• _Records from a collection_:
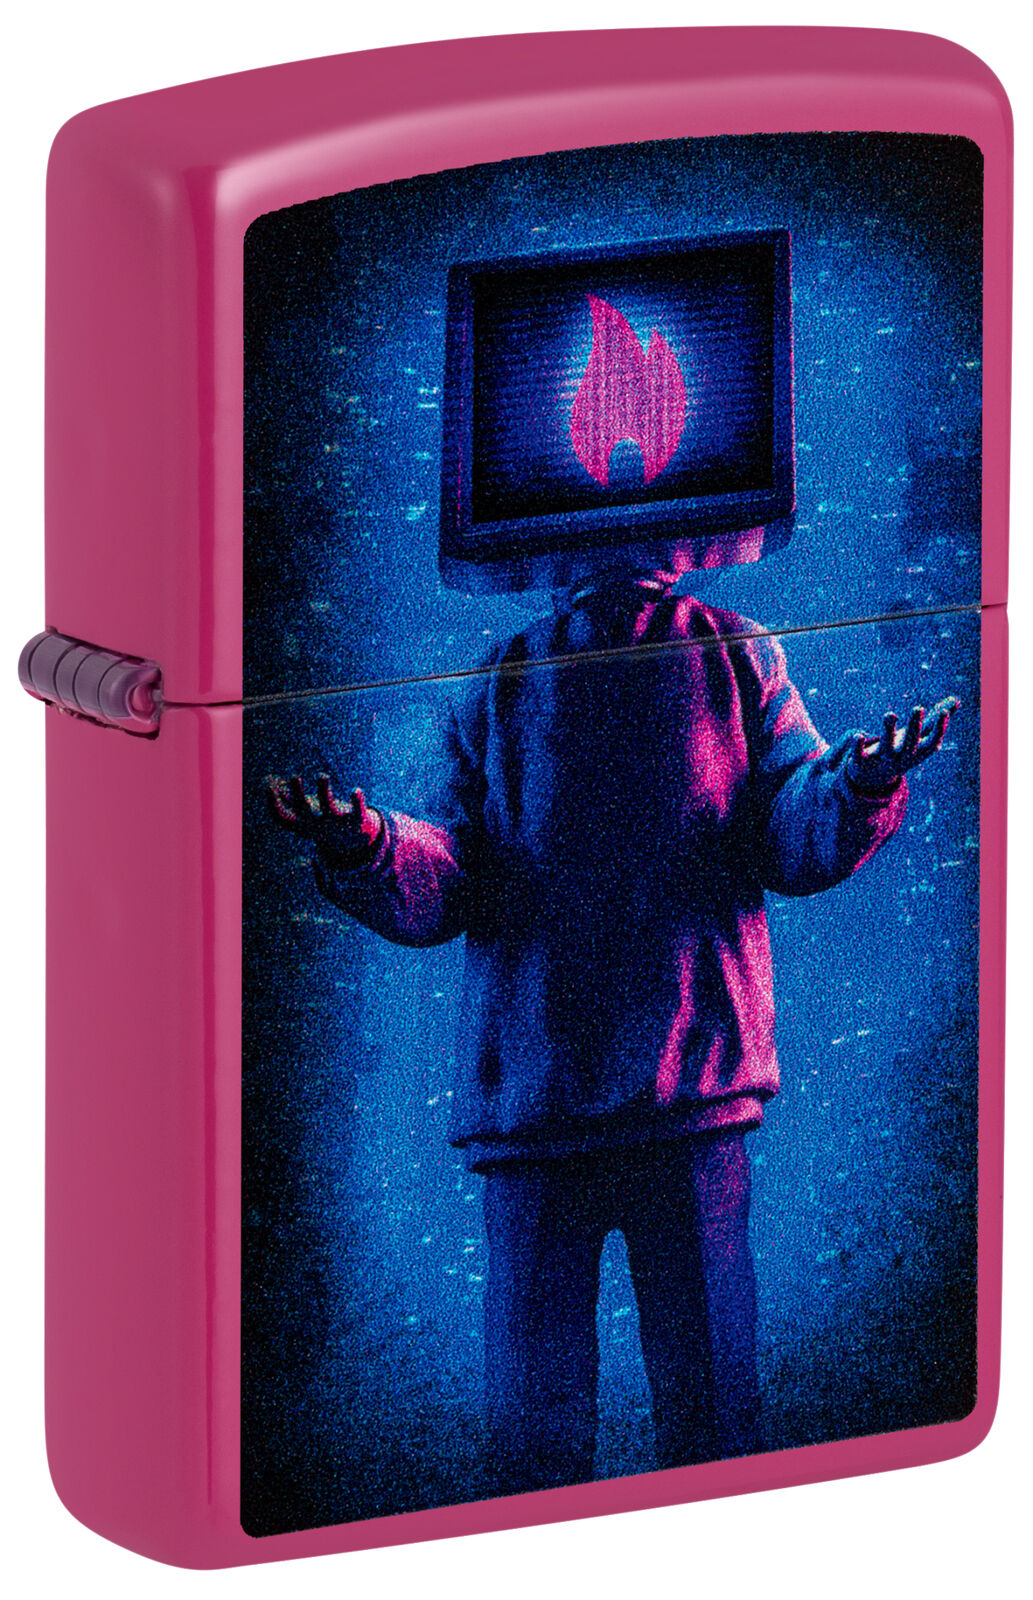 Zippo Flame TV Man Design Frequency Windproof Lighter, 48515
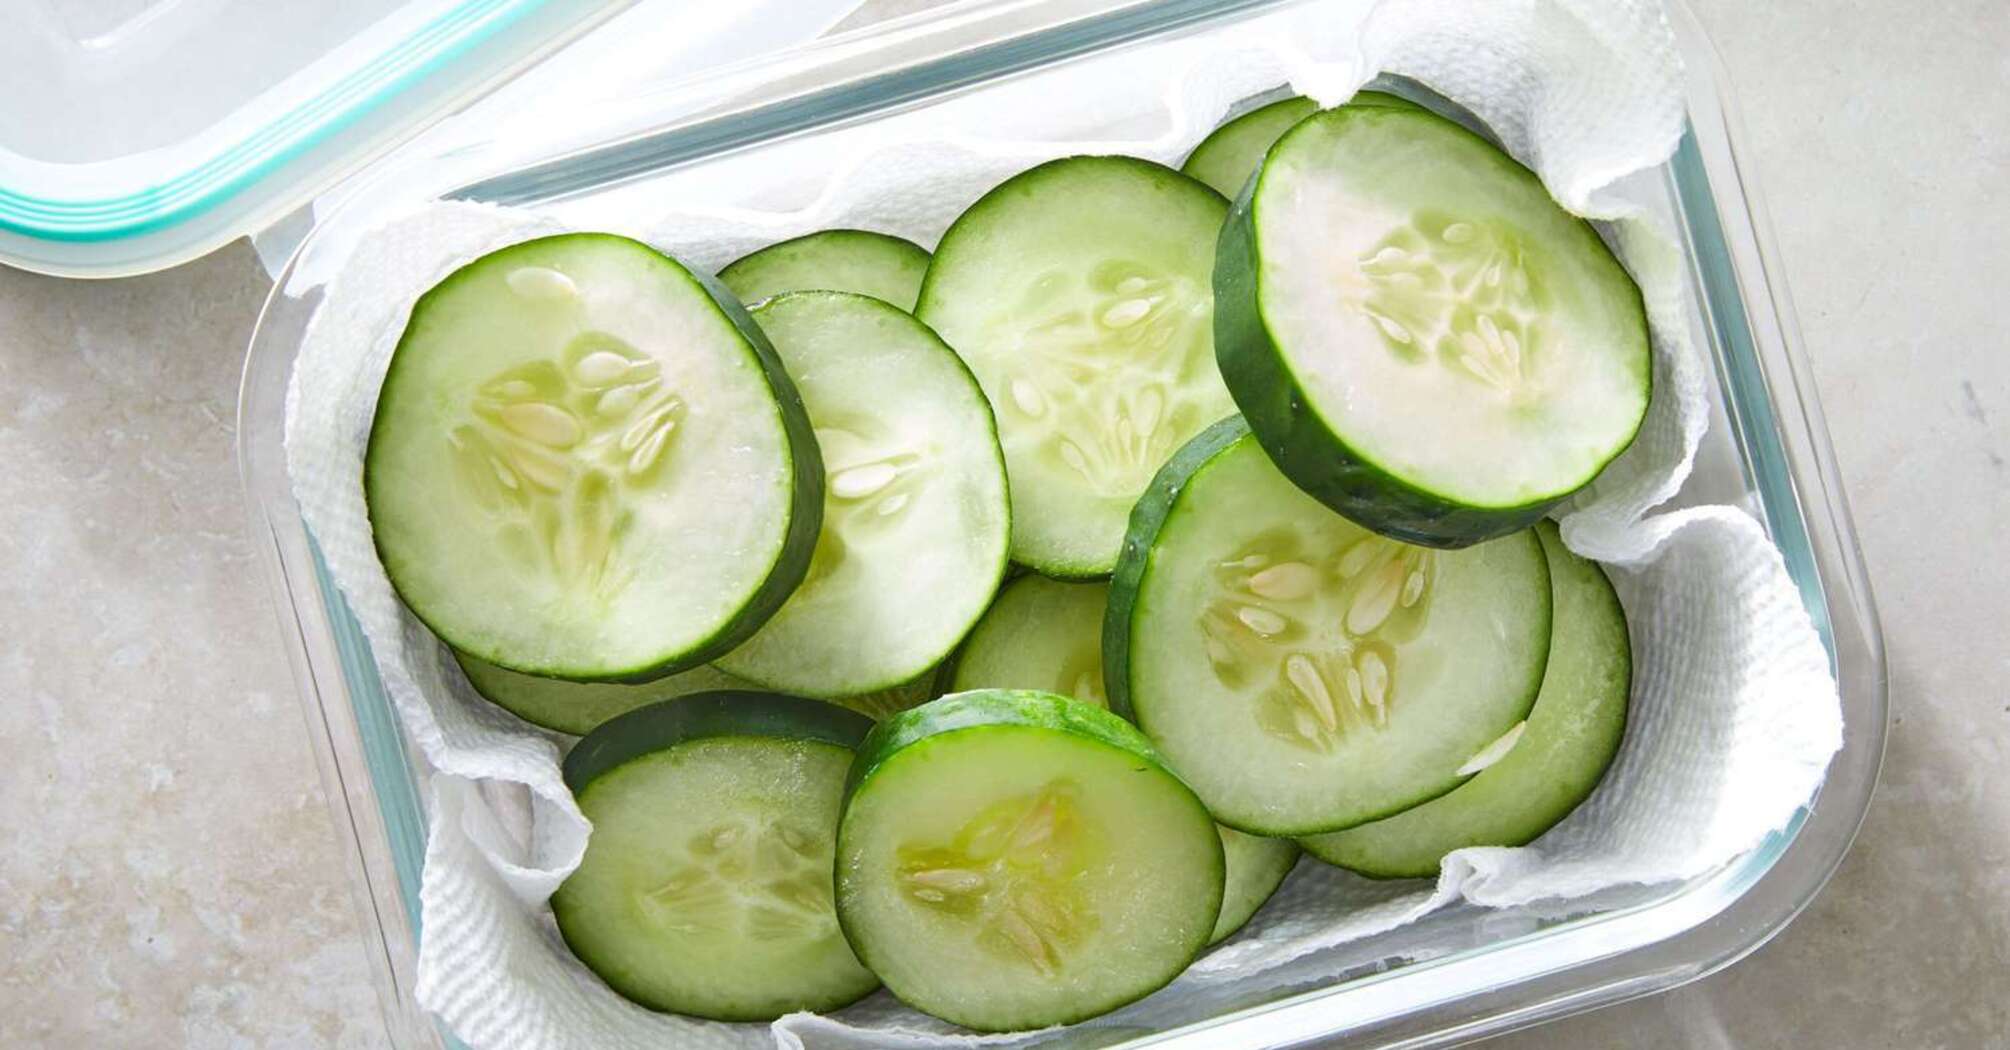 How to keep cucumbers fresh for a long time
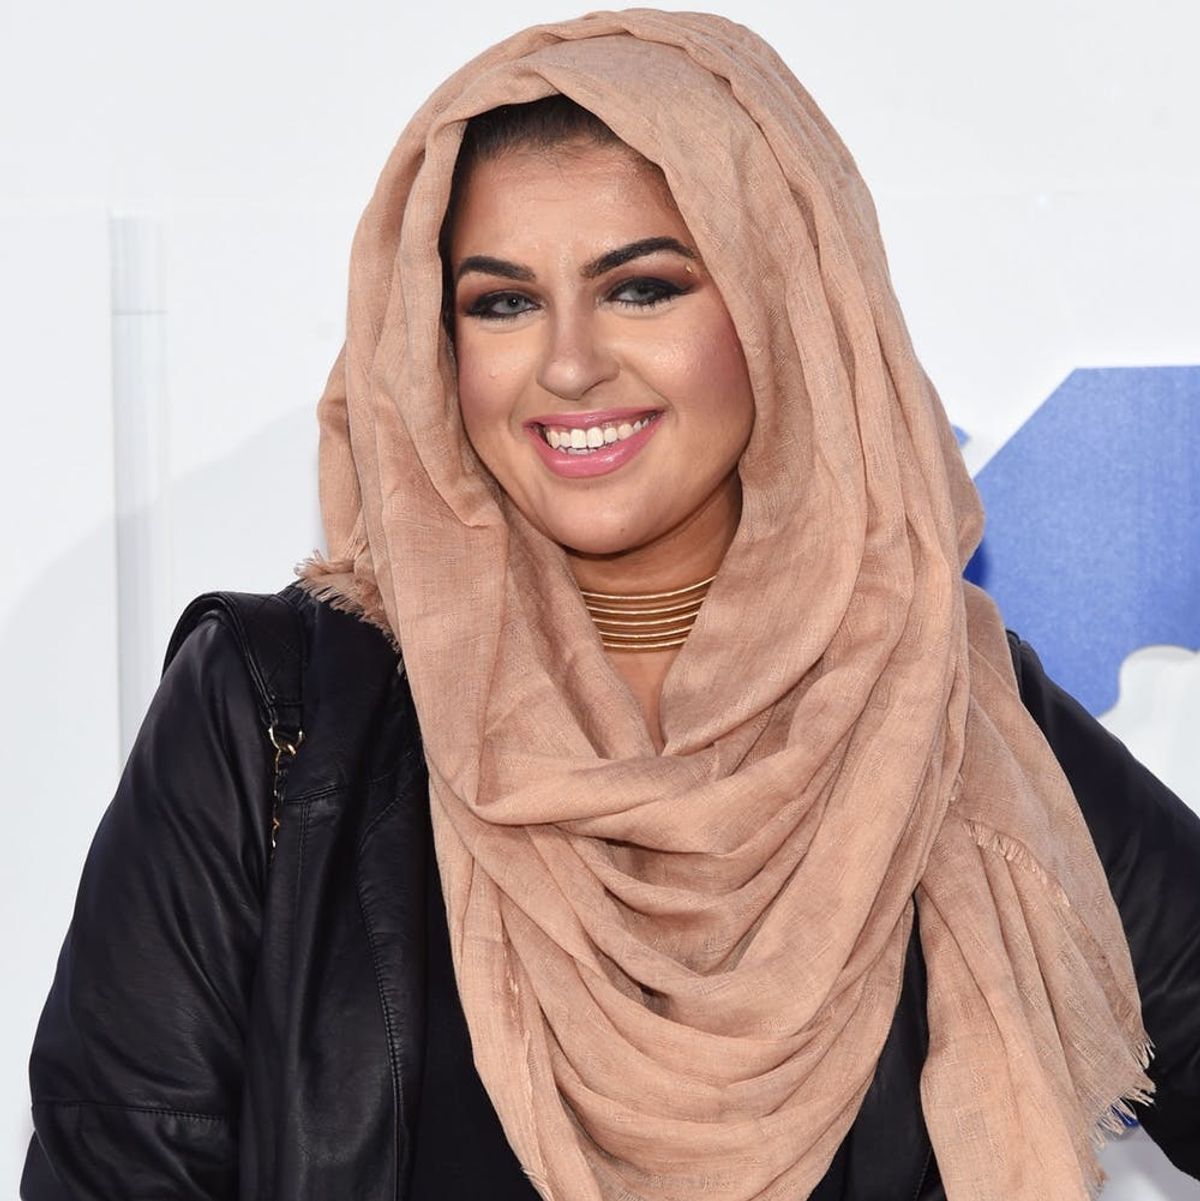 How to Be an Ally to the Muslim Women in Your Life
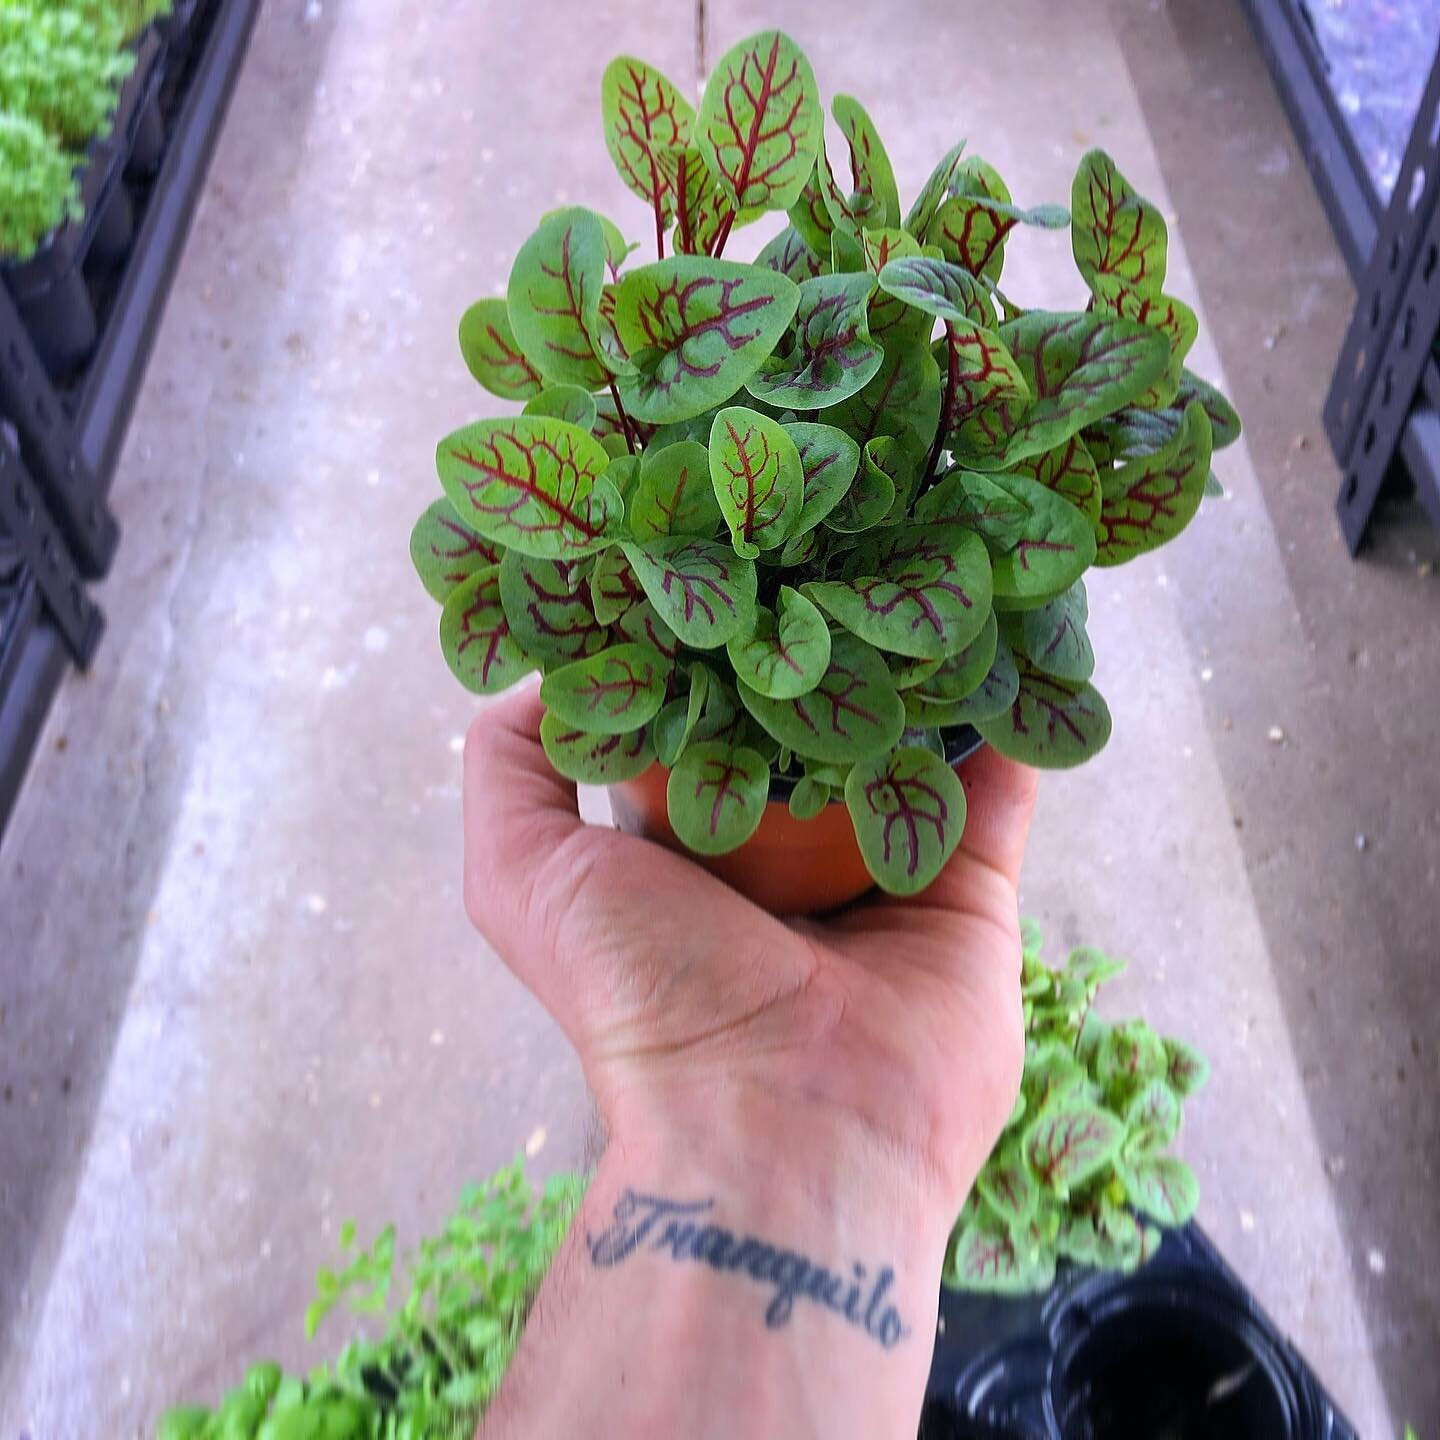 &ldquo;Mmmmm&hellip; Tangy!&rdquo; 
That&rsquo;s how @costasworld described Red Vein Sorrel when he tried ours in 2019. He wasn&rsquo;t lying! I explained to him why, for me, it is such an amazing Microgreen despite losing some of its popularity with

• _Exercise details_: Leave out the images and copy every record above exactly.

• _Written answer_:
 Zippo Flame TV Man Design Frequency Windproof Lighter, 48515
 How to keep cucumbers fresh for a long time
 How to Be an Ally to the Muslim Women in Your Life
 &ldquo;Mmmmm&hellip; Tangy!&rdquo; 
That&rsquo;s how @costasworld described Red Vein Sorrel when he tried ours in 2019. He wasn&rsquo;t lying! I explained to him why, for me, it is such an amazing Microgreen despite losing some of its popularity with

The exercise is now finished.